This means that one abstract identifier can be realised by more than one concrete identifier. This happens when two different identifiers, in two different identifier schemes, are managed to be equivalent—e.g. both a Handle and an ARK, or URLs in two different domains. This equivalence makes sense only if the two identifiers are understood to be fulfilling the same underlying purpose (and not merely contingently). So the identifier model accounts for the statement that http://www.example.com/pdf/a.pdf is migrated to http://cms.example.com/repository/a.pdf (an ostensive change in identifier), by claiming that both concrete identifiers realise the abstract identifier ("example.com's PDF repository", "a.pdf"). The concrete identifiers are defined by particular servers and systems; the abstract identifier is defined by the management and intention common to both.

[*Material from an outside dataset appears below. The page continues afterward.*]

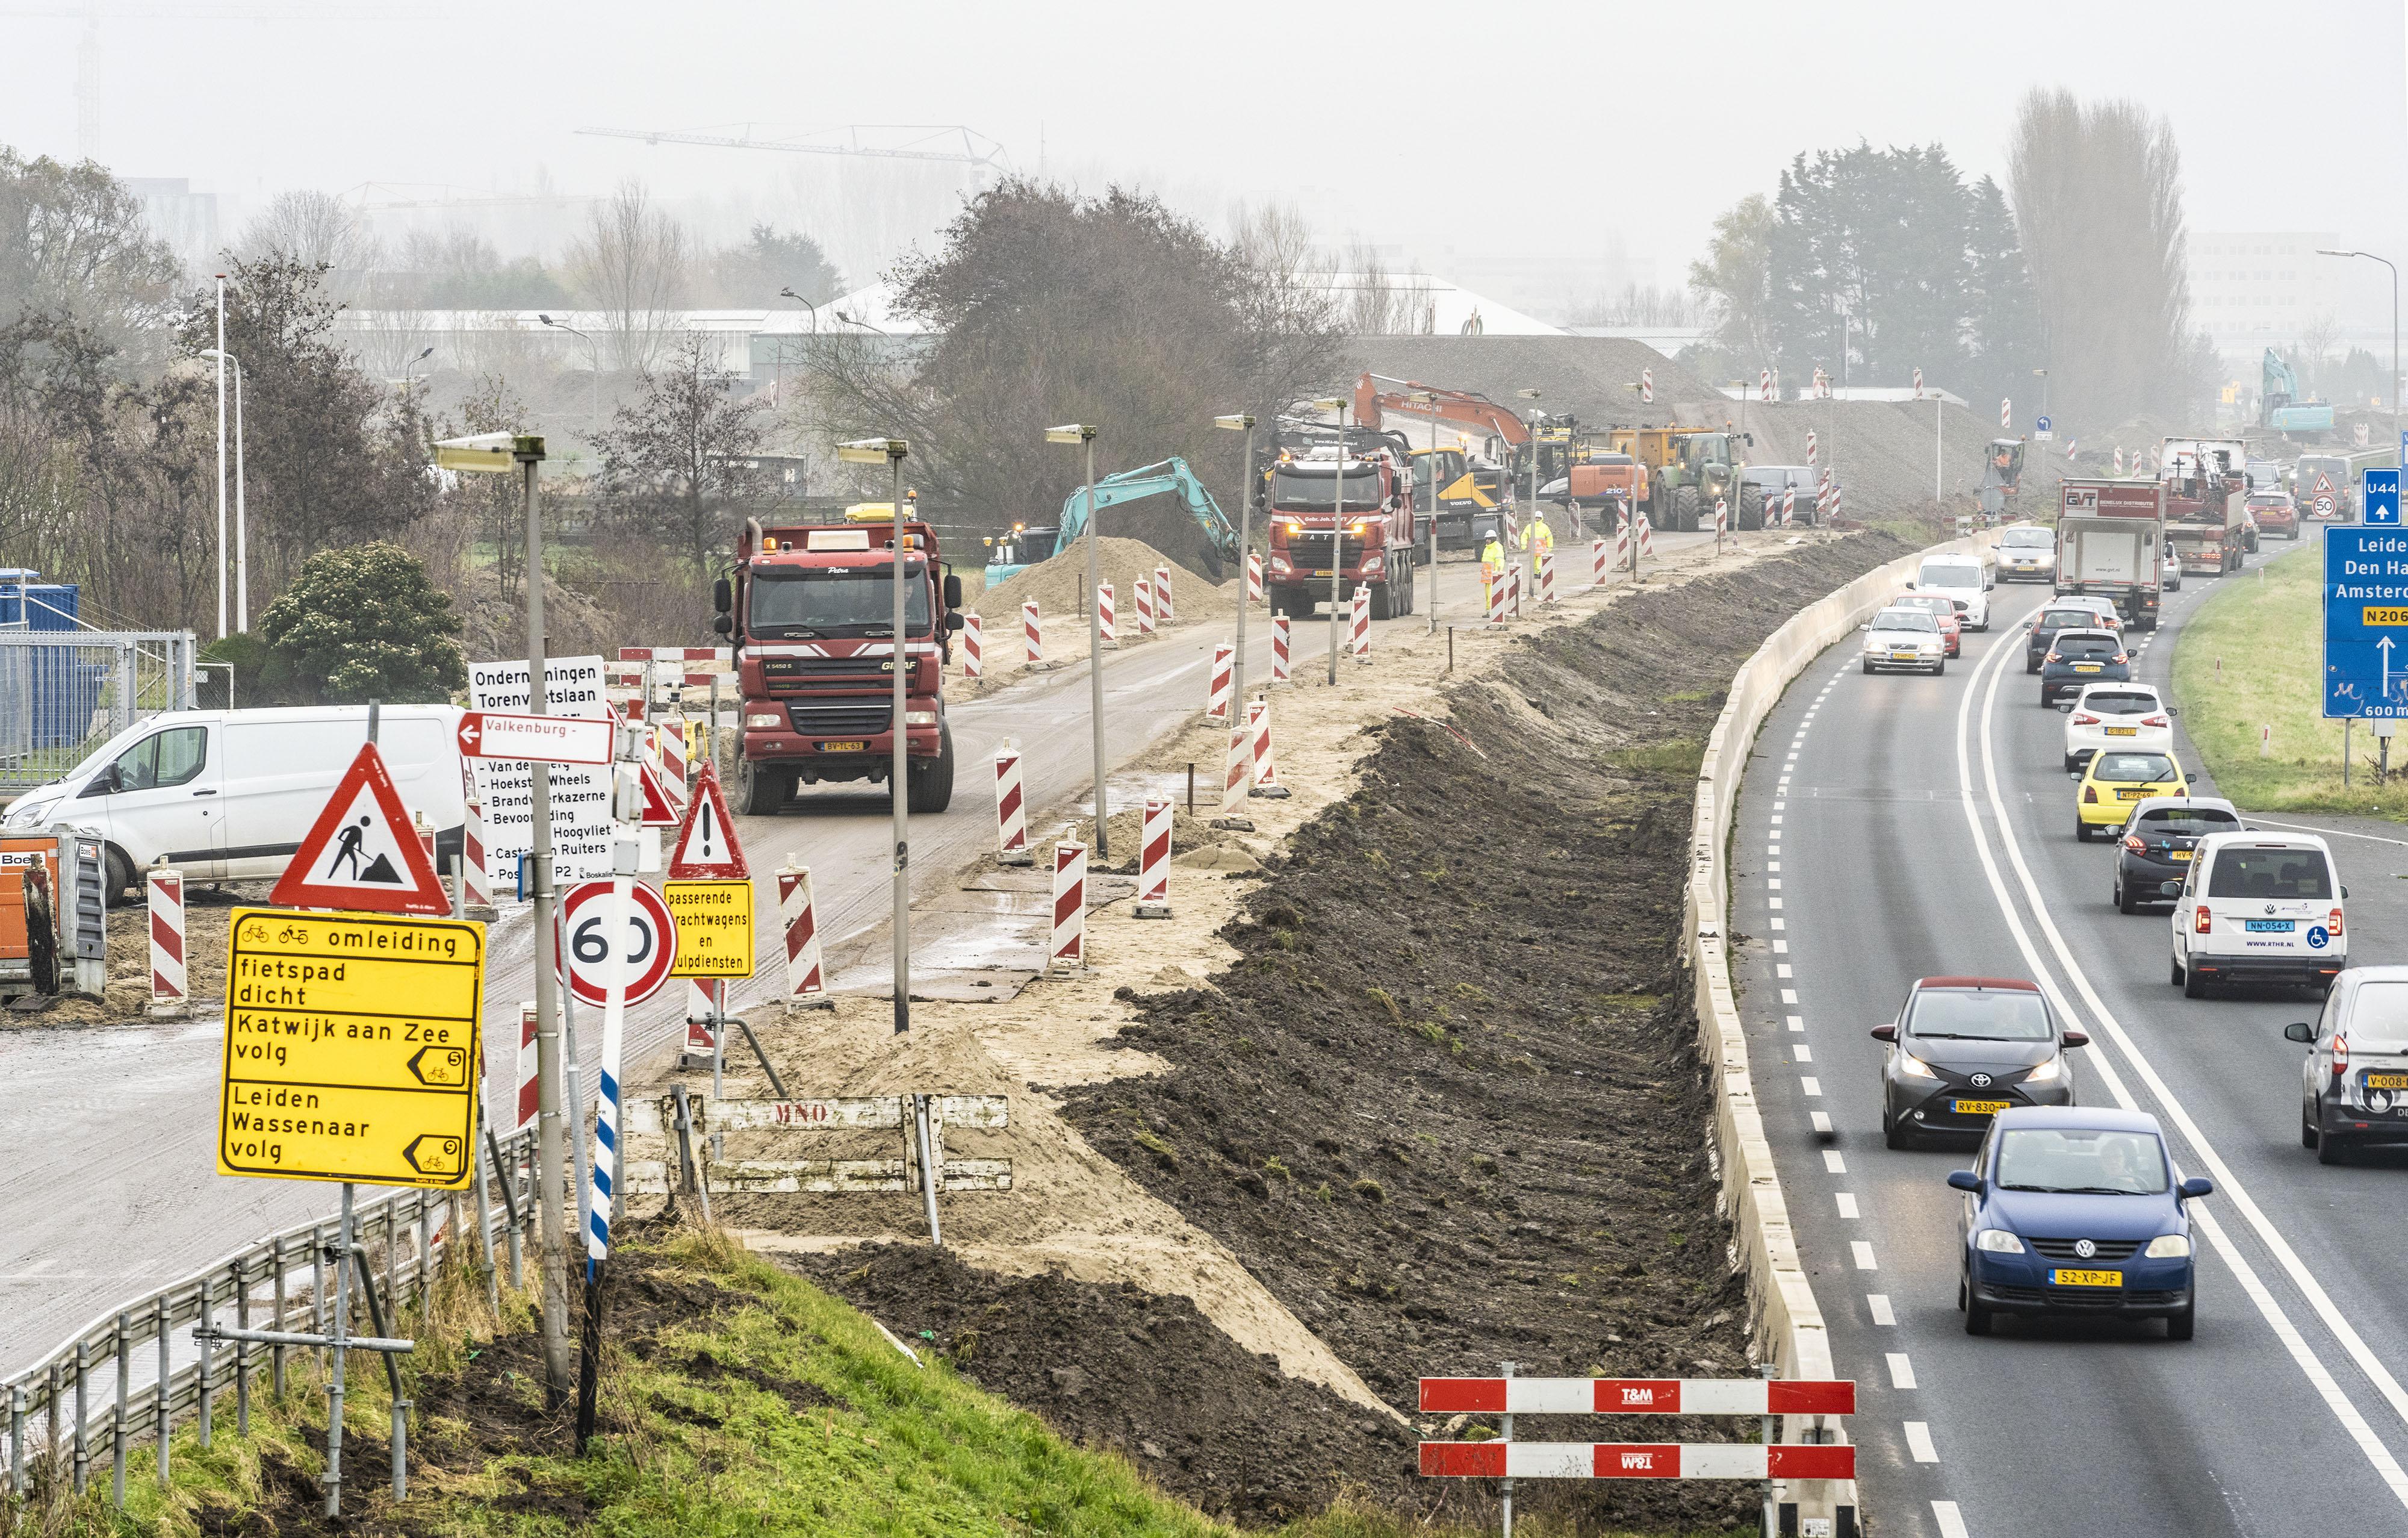 Omgevingsdienst gaat Beaumix verder onderzoeken op verzoek van gemeente Katwijk

If the label in the two concrete identifiers is the same, then the same label, in different contexts, is used to identify the same thing. The contexts are still different, so the two are not guaranteed to remain synonymous. Because the two concrete identifiers can nonetheless be confused as being the same, the identifier model gives them a distinct name (homologues). Retaining the same label across contexts is useful in managing multiple contexts.
The identifier model's approach distinguishing abstract from concrete identifiers is not common: usually if two concrete identifiers are distinct, no attempt is made to model any underlying identity between them. In some approaches, this differentiation even extends to differences of encoding, or of names of contexts. (For example, the URIs doi:10.1000/182 and info:doi:10.1000/182, are distinct strings, and some systems will process them as distinct identifiers for that reason - even though they are in fact different encodings of the same identifier.) However the notion of an abstract identifier allows us to capture the intent behind associating a label with a thing, which ultimately resides in an authority rather than a specific system - let alone a particular encoding or representation. This allows identifiers to be considered not merely equivalent, but synonymous (deliberately and reliably equivalent), because the same authority intends them to mean the same thing. Because identifiers are signs used meaningfully, this intent is important to capture.
The following are definitions of qualities of entities:
It is critical to this model that identifiers identify things uniquely; what that means is determined by the information model used for the things identified. An identifier can identify an aggregation (which is a single thing, but has multiple components); it can also identify an abstraction, which may encompass multiple concrete things (e.g. different versions of a digital object can be identified by the same identifier, because the identifier does not identify a single version.)
Uniqueness is only meaningful relative to a scope. For example, "Perth" is not unique in the scope of city names on Earth (let alone in the scope of the universe); but it is unique in the scope of city names in Western Australia. The scope of uniqueness of a name motivates the definition of a context for the name. So defining the context of the name "Perth" as "city names in Western Australia" means "Perth" can still be used as an identifier unambiguously, in the given context.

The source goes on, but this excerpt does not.